Encuentran a 65 rohinyás varados en una isla del sur de Tailandia

Miembros de las fuerzas tailandesas de seguridad vigilan este marte a un grupo de refugiados rohinyás en una playa en la isla de Koh Rawi, al sur de Tailandi. Un total de 64 personas, todos ellos musulmanes de la etnia rohinyá provenientes de Birmania aparecieron en una playa tailandesa después de que el barco en que viajaban se quedara sin combustible. EFE/Str

Bangkok, 12 jun (EFE).- Las autoridades de Tailandia han abierto una investigación después del hallazgo de 65 miembros de la minoría perseguida rohinyá en una isla del sur del país, tras quedar varado el barco en el que viajaban, informaron hoy a Efe fuentes oficiales.

Un grupo de 31 mujeres, 29 hombres y 5 niños rohinyás fueron localizados en la madrugada del martes en Rawi, una isla del parque nacional Tarutao, en la sureña provincia de Satun, dijo a Efe Nawee Hemman, director de la comisaría de Koh Lipe.

Además, un representante del parque natural de Tarutao, que pidió no ser identificado, precisó que también localizaron a otras seis personas, un tailandés capitán del navío y cinco tripulantes birmanos, que podrían ser acusados de tráfico de personas.

«Ahora estamos investigando si (los rohinyás) son (inmigrantes) ilegales y los mantendremos detenidos», añadió a Efe Hemman, que confirmó asimismo la localización de los seis sospechosos .

Las autoridades no precisaron si el grupo partió de Bangladés, donde miles de rohinyás se refugian desde 2017 a raíz de una campaña de hostigamiento del Ejército birmano, o desde Birmania (Myanmar).

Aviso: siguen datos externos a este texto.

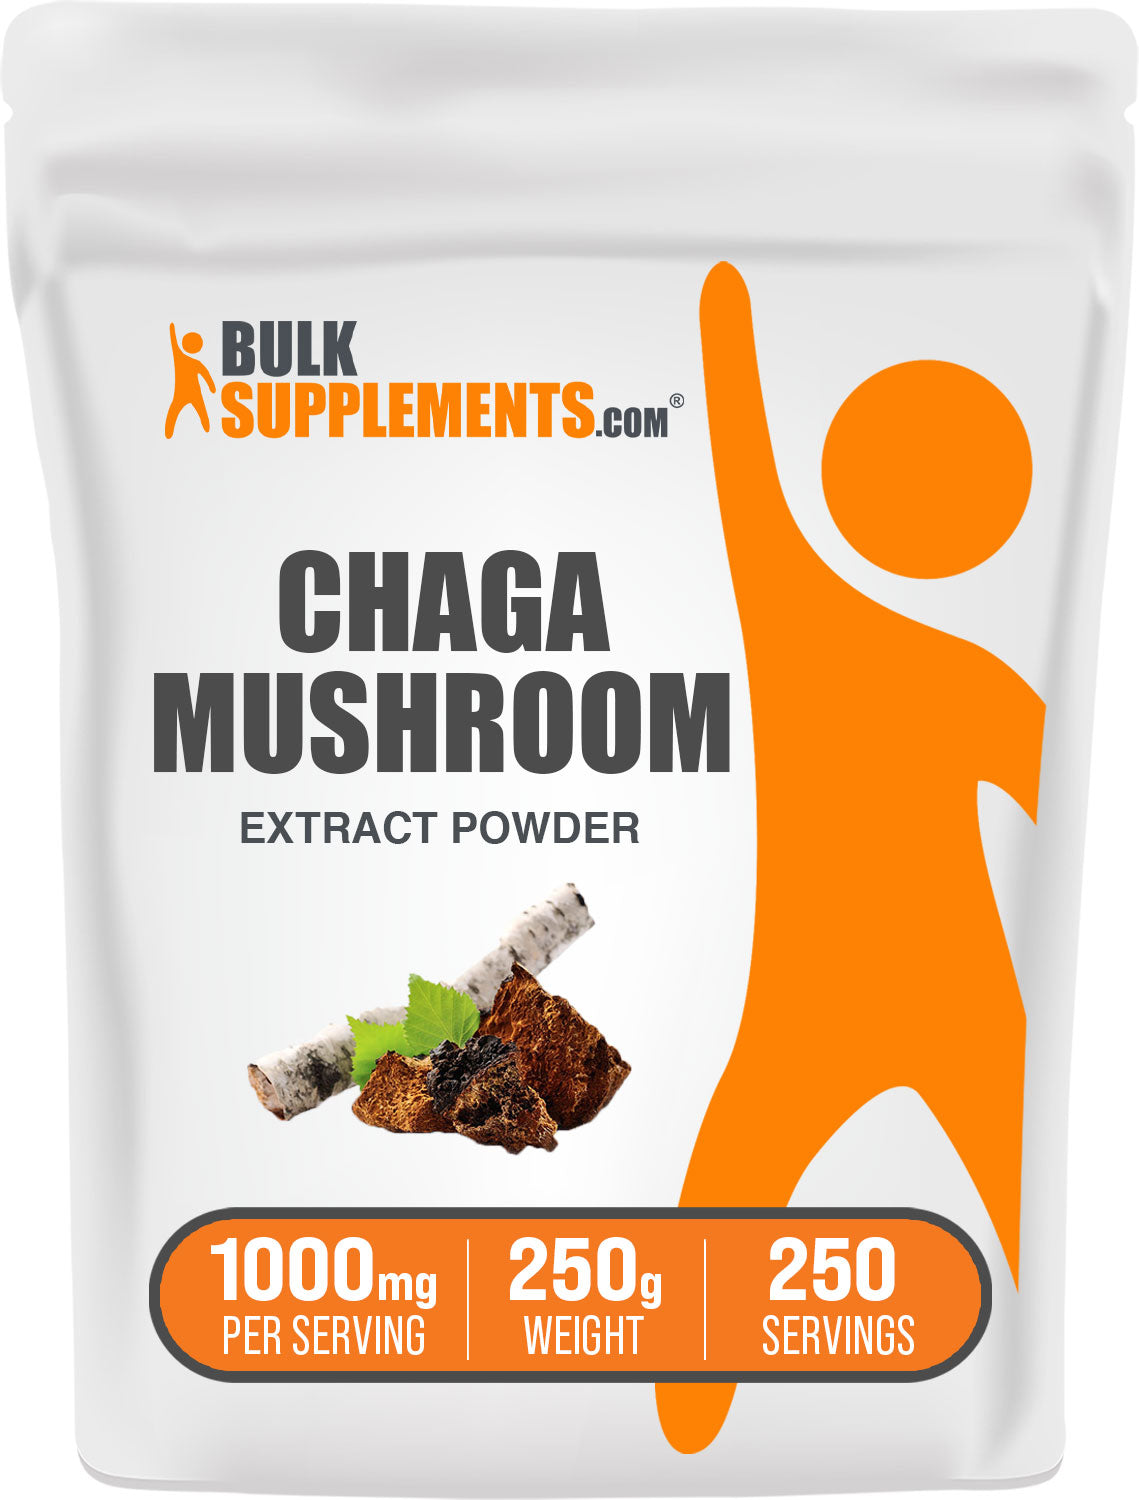 250g of chaga mushroom supplement

En agosto pasado, una operación militar en el estado de Rakáin, en el oeste de Birmania, resultó en la muerte de miles de rohinyás y la huida hacia territorio bengalí de más de 725.000 miembros de esta minoría birmana perseguida en el país.

Desde entonces los desplazados rohinyás se encuentran en Bangladés, alojados en el complejo de campos de refugiados más grande del mundo.

Naciones Unidas calificó la actuación del Ejército como «genocidio intencional», mientras unos 120.000 miembros de esta comunidad viven en Birmania en campos de desplazados internos o en aldeas donde son vigilados por la policía.

Birmania no reconoce la ciudadanía de los rohinyás, a los que considera inmigrantes bengalíes, y les somete desde hace años a todo tipo de discriminaciones, incluidas restricciones a la libertad de movimientos.

Los migrantes indocumentados rohinyás utilizan la bahía de Bengala y el mar de Andamán como ruta marítima para entrar en otros países del continente para huir de la discriminación en Birmania y en busca de mejores oportunidades de vida.

En 2015, barcos con miles de rohinyás y bangladesíes se quedaron a la deriva en el golfo de Bengala y el mar de Andamán después de que Tailandia, Malasia e Indonesia se negaran a recibirlos.

Las autoridades tailandesas desarticularon entonces una red que traficaba con miembros de esa minoría, mientras que Kuala Lumpur y Yakarta finalmente recibieron a unos 3.000 rohinyás y bangladesíes de los barcos.